Dipicolinic acid (DPA), one of the main ingredients of anthrax spores (accounts for 5–15% of the dry mass of spores), has been adopted as a significant biomarker for the detection of anthrax (Yin and Tong 2021). Various DPA detection methods have been reported over the past decade. Liquid chromatography and gas chromatography/ion mobility mass spectrometry are two common laboratory-based DPA detection techniques (Watabe et al., 1988; Snyder et al., 1999). In addition to the lengthy analysis time, these methods suffer from low sensitivity (Paulus 1981; Dworzanski et al., 1997). Recently, colorimetric and fluorescent methods have attracted increasing attention owing to their simplicity and visibility (Yang et al., 2020; Koo et al., 2021). Complexing DPA with Tb3+ or Eu3+ is one of the most commonly used strategies (Yilmaz et al., 2010; Na et al., 2020). Despite significant improvements, these methods are susceptible to interference from other molecules either by binding directly to the probe or by binding competitively with DPA.

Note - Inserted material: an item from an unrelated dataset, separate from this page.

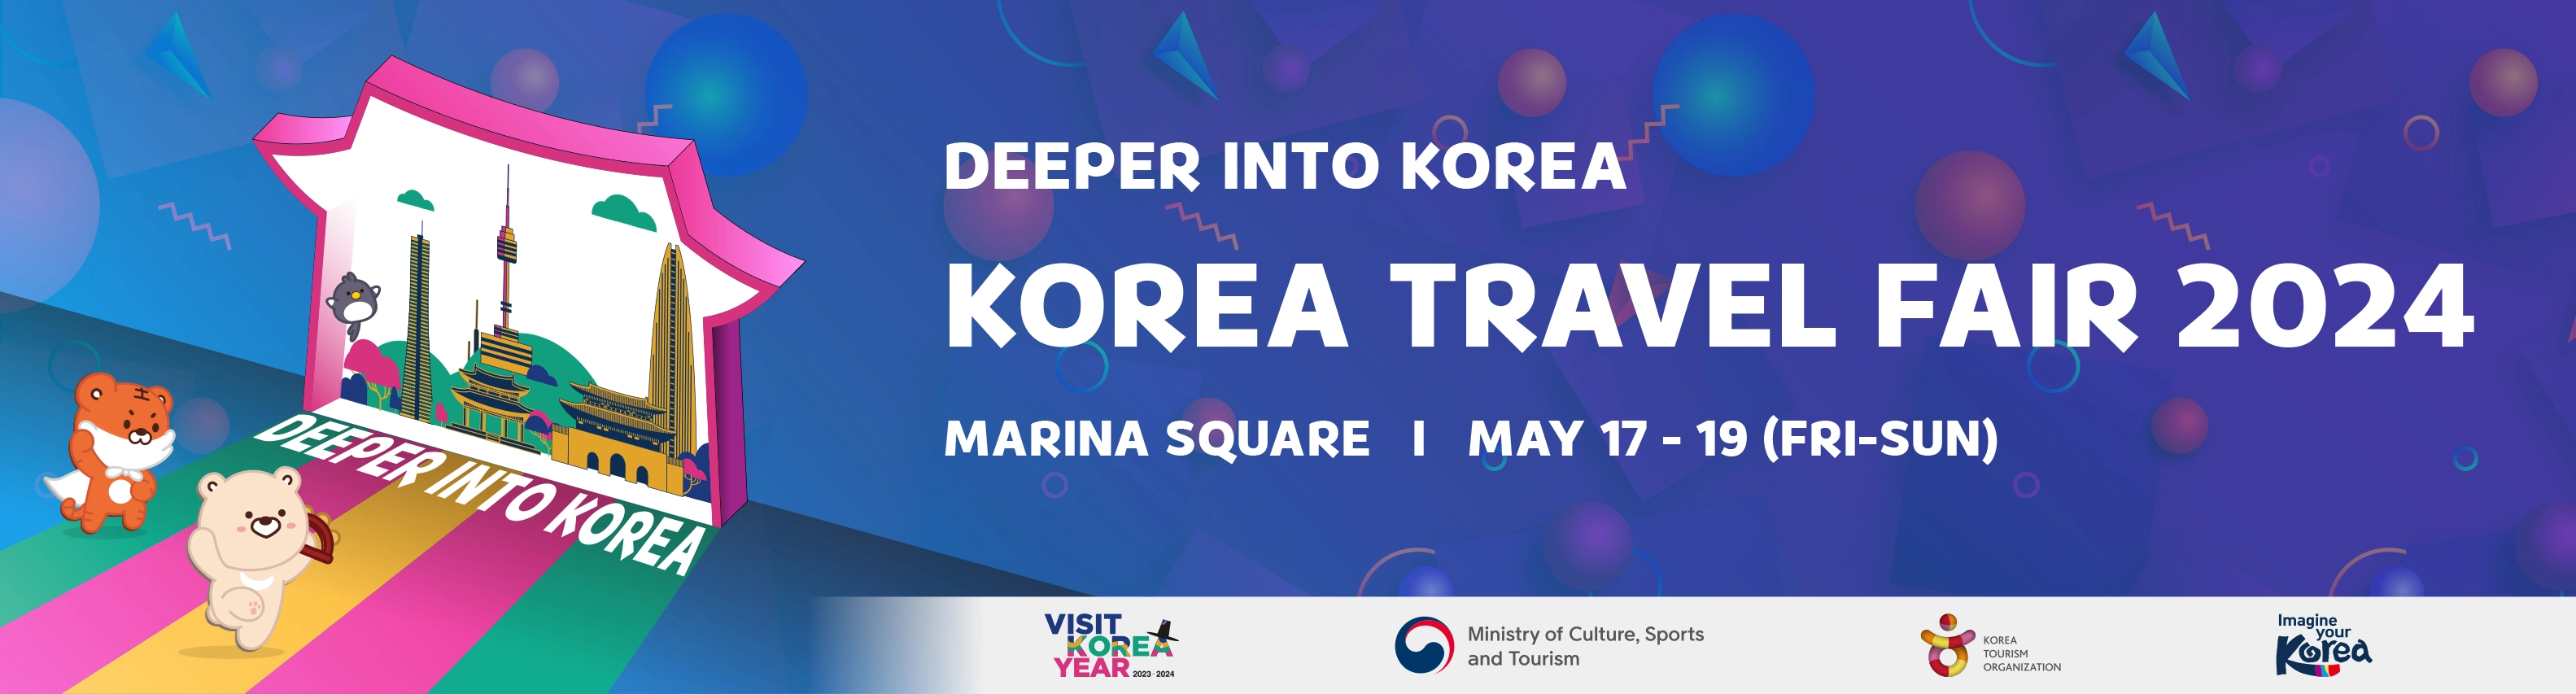 korean tourism organization banner

In this study, a flexible and robust DMs embedded polydimethylsiloxane (DMs-PDMS) film was fabricated and used as a versatile and universal Raman scattering enhancer to improve the sensitivity of SERS detection. The DMs that could enrich the SERS signals were insulated from the solution, ensuring detection reliability and repeatability. The excellent optical transparency of PDMS guarantees an efficient passing through of light for SERS excitation and collection. Combined with microfluidic technology, the as-prepared DMs-PDMS film can be used as a universal platform to enhance the SERS signals of the liquid substrate. We attempted to use this DMs-PDMS film-assist SERS enhancement approach (DERS) to detect DPA, and a significant signal improvement was achieved. Moreover, by simply covering the DMs-PDMS film over a solid substrate, it is encouraging to find that the SERS signals of the solid substrate can also be enhanced.

Materials and methods

Reagents and instruments

Na3C6H5O7.2H2O, AR, was purchased from Alfa Aesar, silver nitrate (AgNO3), Dipicolinic acid (DPA) and 4-aminothiophenol (4-ATP) were from Aladdin (China); 3-Aminopropyltriethoxysilane (APTES) was from J&K Scientific ltd. Sylgard 184 PDMS oligomer and curing agent were from Dow Corning, High refractive index barium titanate solid glass microspheres (BTGMs) was from Cospheric (US). H94-25c 4 “single lithography machine was purchased from Sichuan Nanguang Vacuum Technology Co., Ltd. Plasmon cleaner (PDC-32G-2*) was provided by Harrick Plasma (US). Raman spectrometer BWS415-785S was from B&WTEK (US).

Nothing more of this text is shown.